Pros and Cons of each type of stock
The pros and cons of each type of stock will really just come down to your investing preference and how that aligns with your personal financial goals.
Pros of preferred stock
Regular, predictable, dividend payments
Prioritized repayment over common stock shareholders
Can benefit from stock appreciation
Cons of preferred stock
Low trading volume: Purchasing preferred stock is not very common. It could be difficult to buy and sell shares at times.
Subordination to bondholders: If a company experiences insolvency, bondholders are paid before preferred stockholders.
Rising interest rates: Can make preferred stock less attractive if better returns are available with other investments (i.e. common stock, bonds, etc.).
Possible suspension of dividend payments, which could occur if a company faces financial trouble.
Pros of common stock
Can benefit from stock appreciation
Cons of common stock
Taking losses when the value of a stock drops
Taking losses in the case of insolvency
Which kind of type of stock is right for me?
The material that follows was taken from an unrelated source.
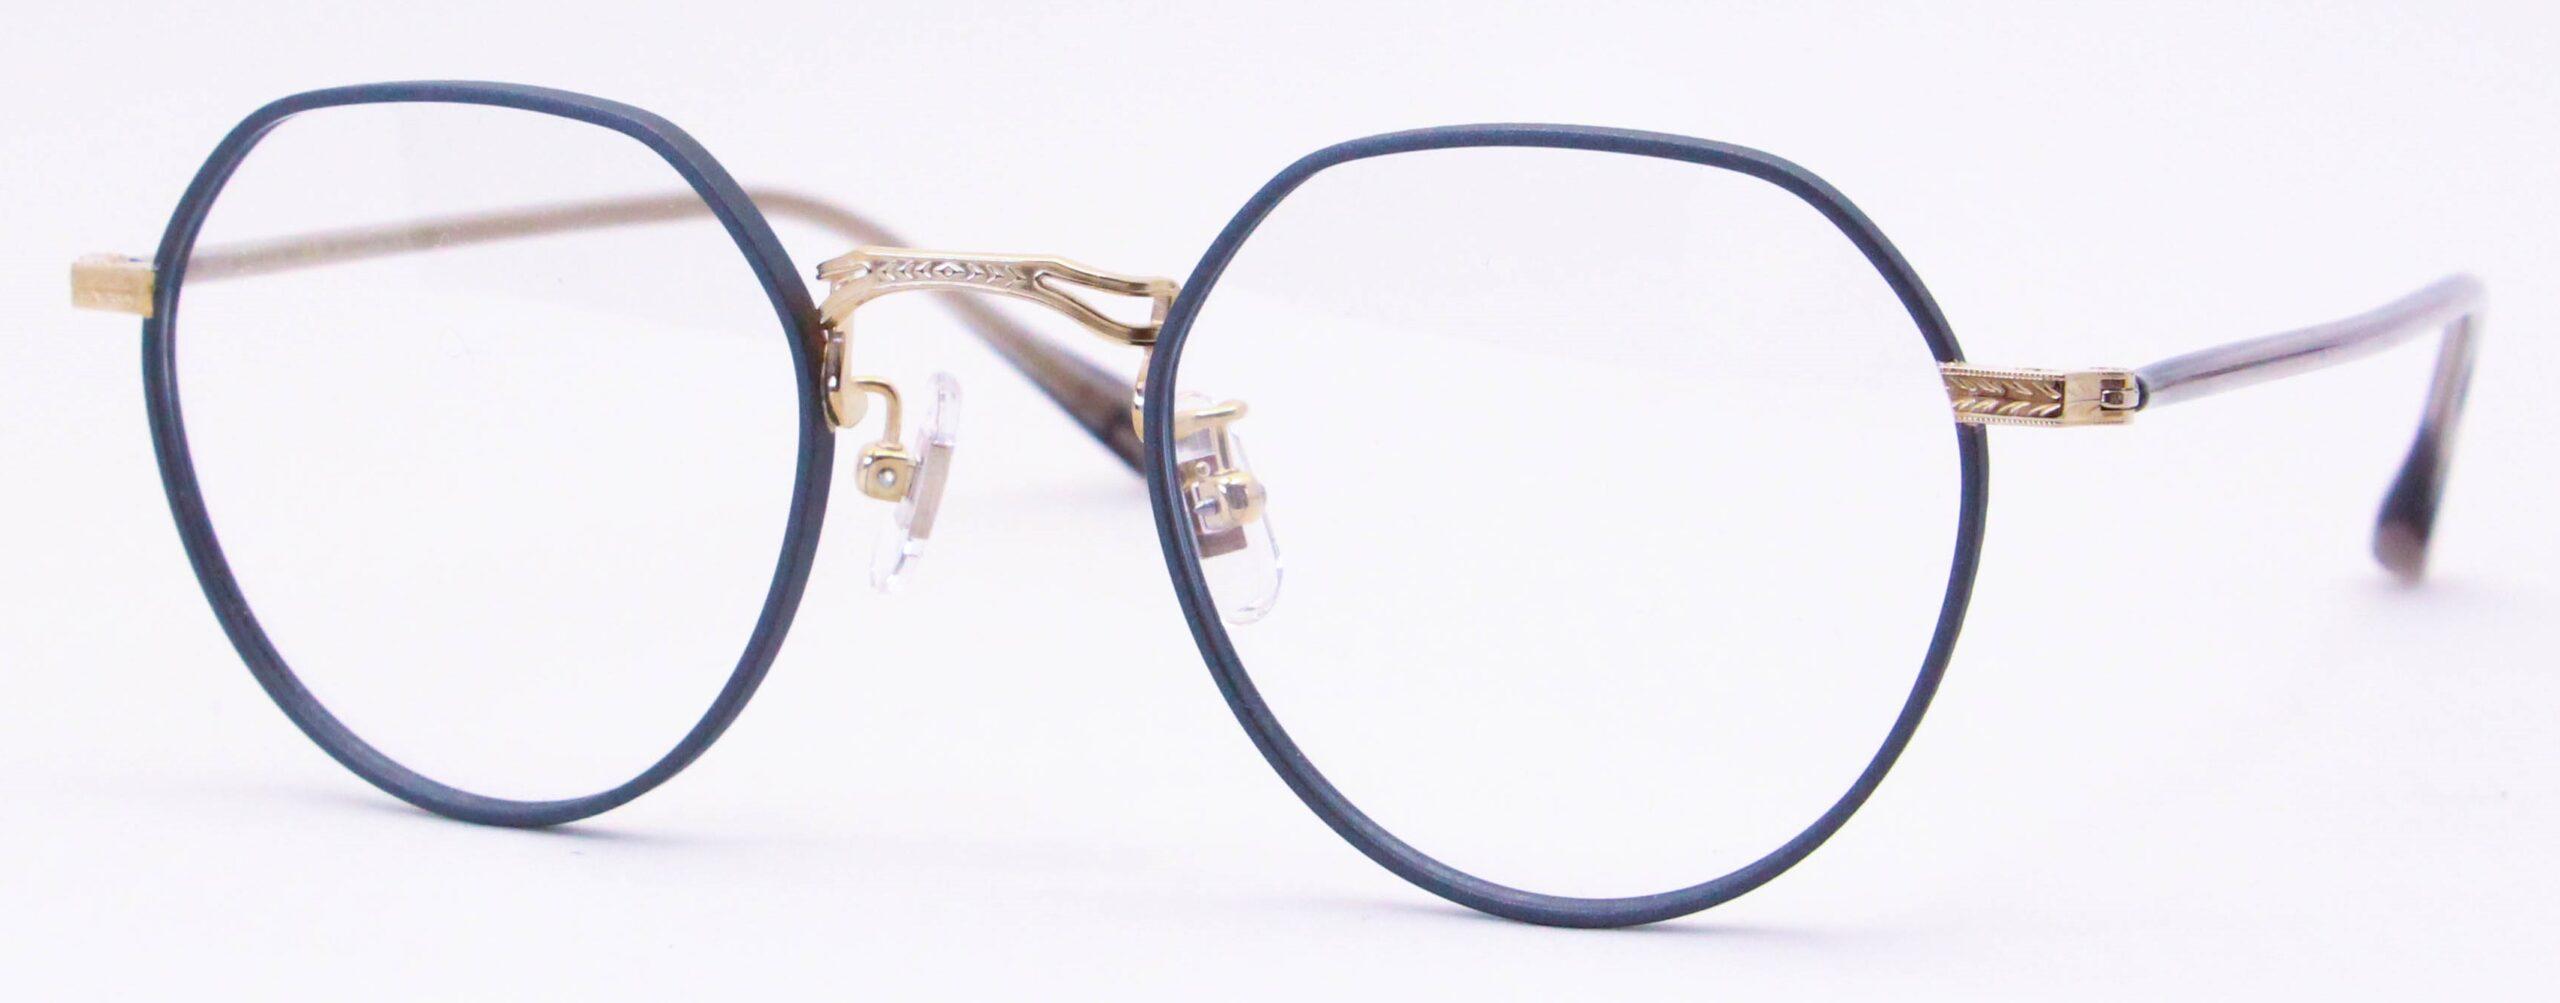 眼鏡のカラータイプC-3 Gray-Matt/Gold

This will all depend on your tolerance for risk, preferred investing strategy and even the stage of life you are in. The important thing here is that you commit to investing and not get “analysis paralysis” trying to pick the perfect type of stock.
Remember, you can always get a combination of different stock types. You don’t have to pick one or the other if you’d like to try investing in both. If you are not happy with the type of stock you’ve invested in, you can always sell it and try again with another investment that suits your investing strategy better.